For broader context on strategic corporate partnerships and their market impact, see our 2026 sector research.
Trading Considerations
TSLA: Key support is the 24h low at $377.53; resistance clusters near $406.64 (24h high). The $3B capex announcement is a near-term margin headwind — watch gross margin guidance revisions in analyst follow-ups. A break below $377 on elevated volume would signal further downside for CFD longs.
INTC: No live price data provided — check CoinUnited.io for real-time levels. The 14A partnership is a multi-year thesis; short-term traders should watch for profit-taking after the initial catalyst pop. Monitor whether Intel management confirms the licensing structure in follow-up communications, as deal ambiguity remains a risk factor.

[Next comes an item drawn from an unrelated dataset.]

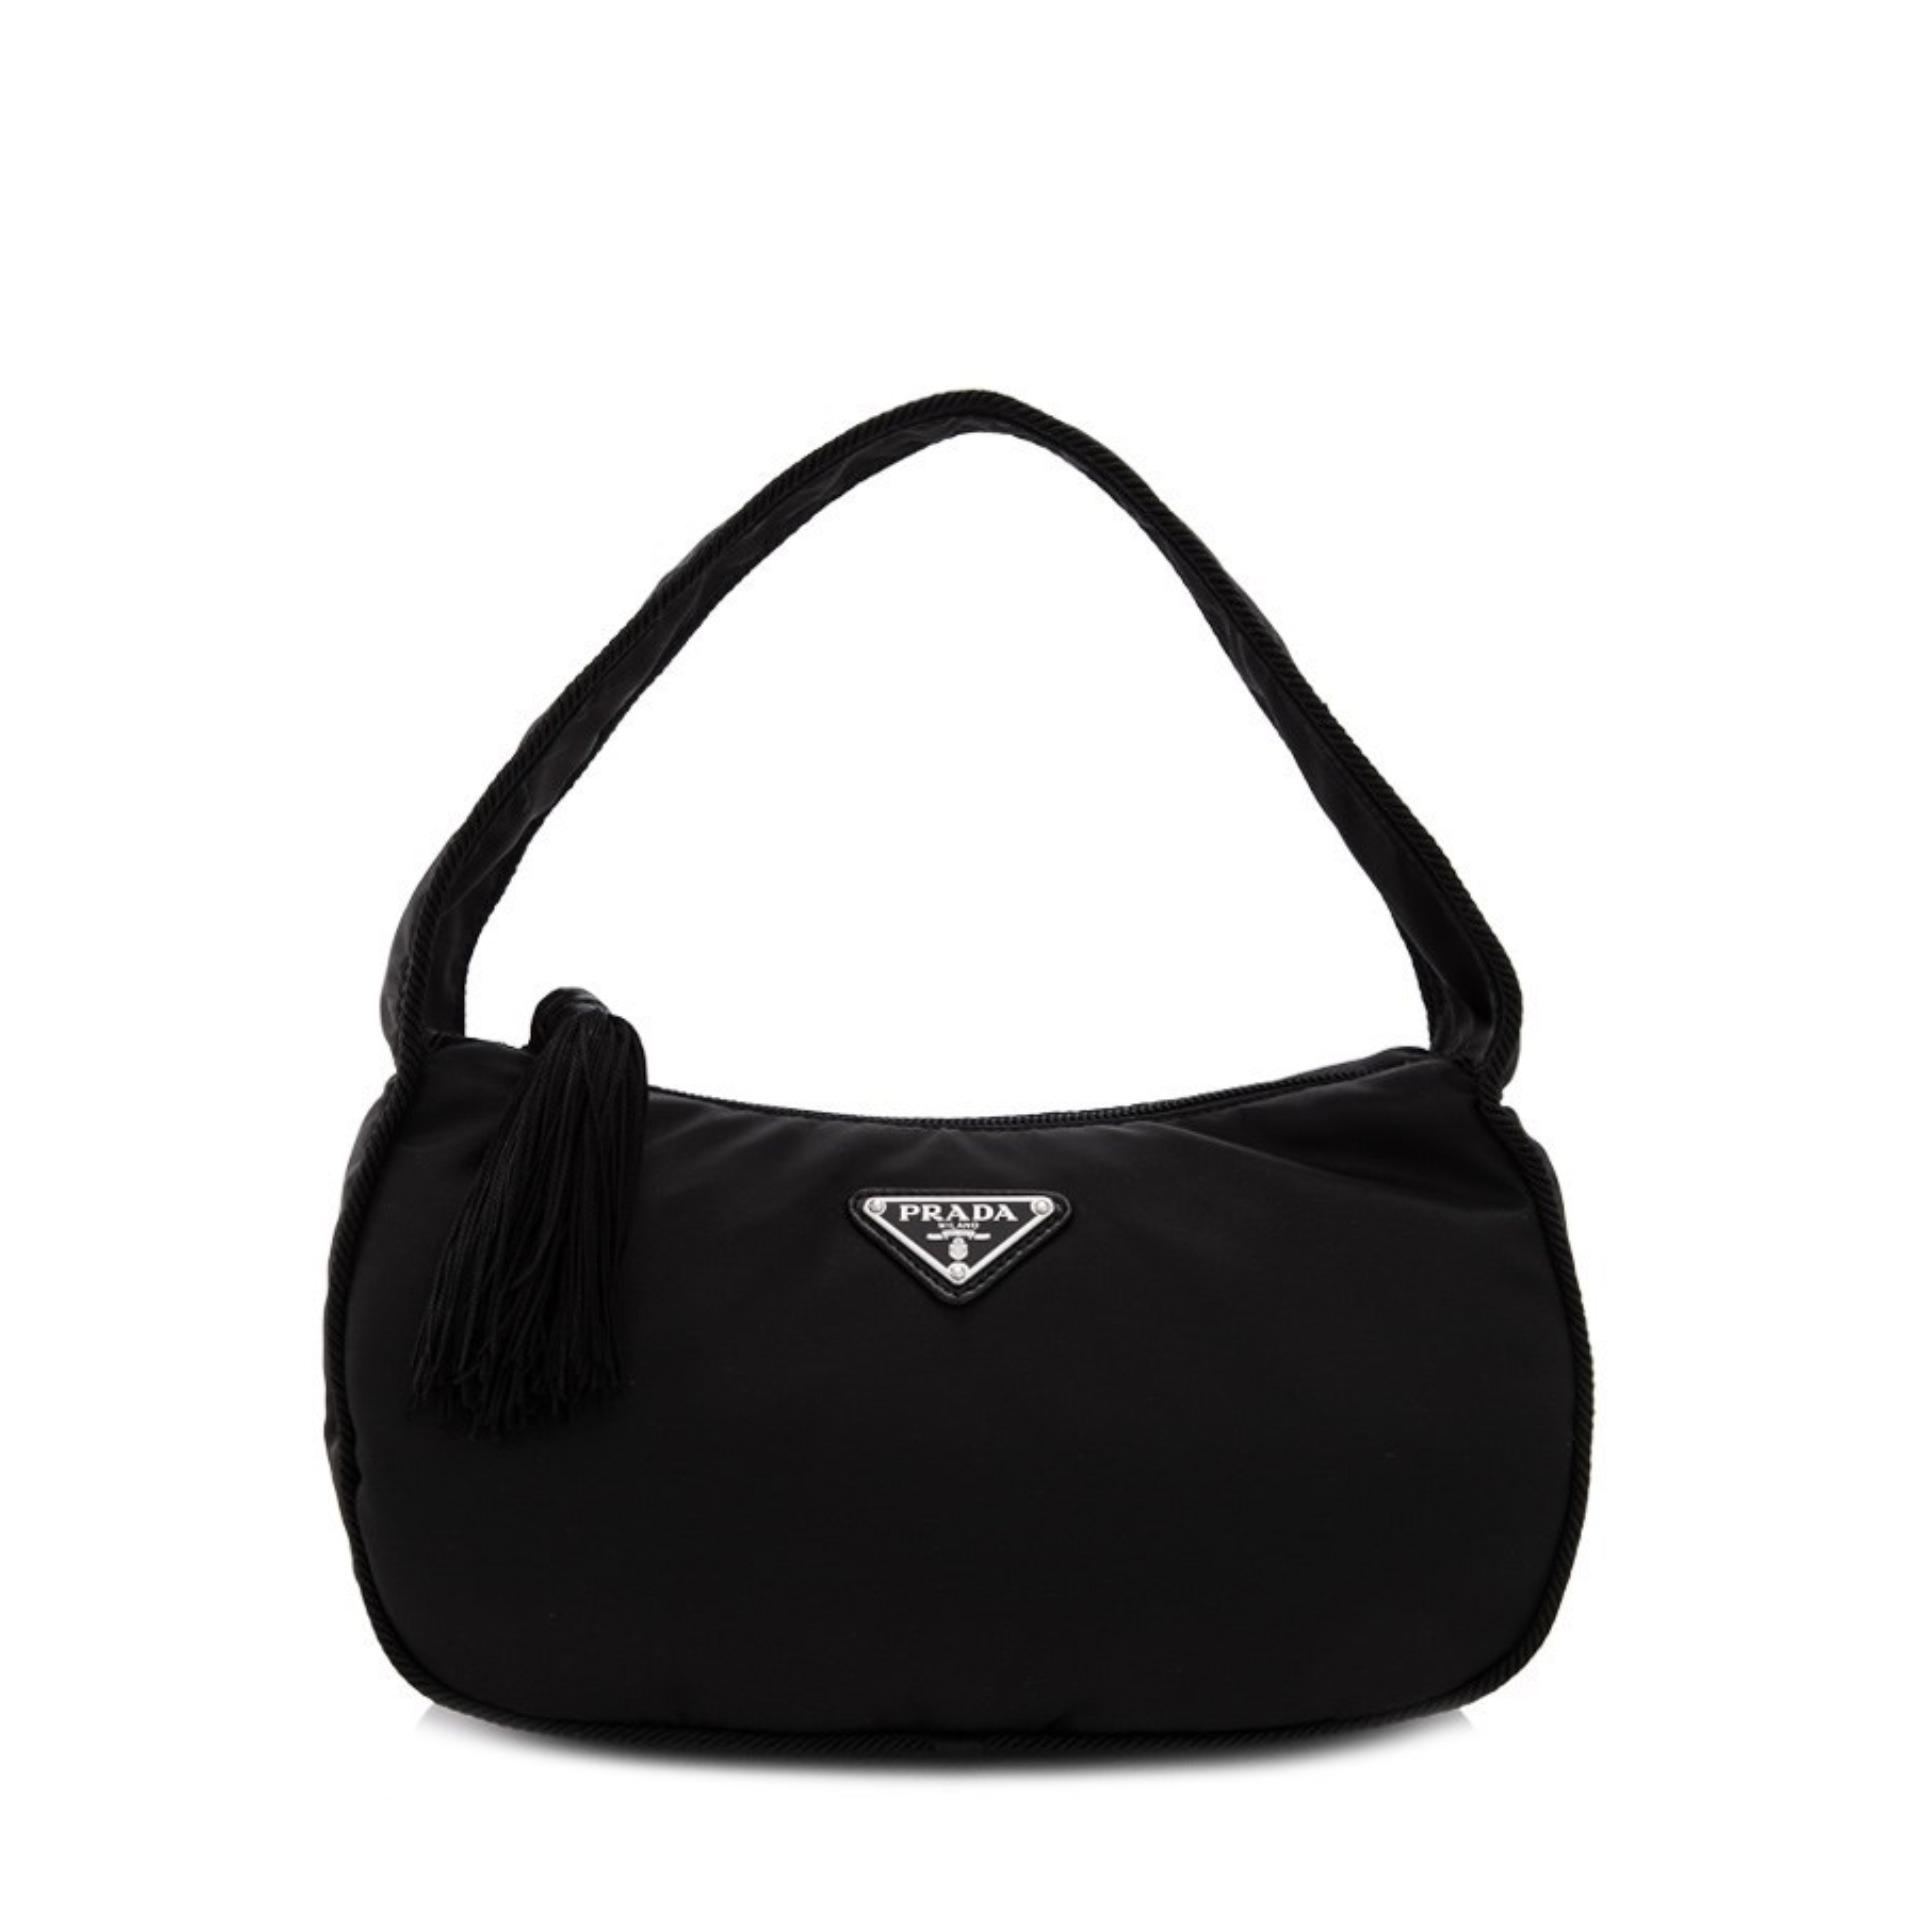 5cc2b04c7283 Prada Tessuto Passama Handbag (Nero) # 1BA8702A6SF0002

Trade Tesla, Inc. on CoinUnited.io
Trade TSLA with up to 1000xx leverage → | Create Free Account
Frequently Asked Questions
TSLA is down 0.72% at $386.14 with the $3B capex announcement pressuring near-term margins — a 50x long CFD faces liquidation risk if the stock retests the $377.53 daily low. Traders should size positions conservatively until margin guidance clarity emerges.
Continue Exploring
Disclaimer: This brief is for educational purposes only and is not investment advice.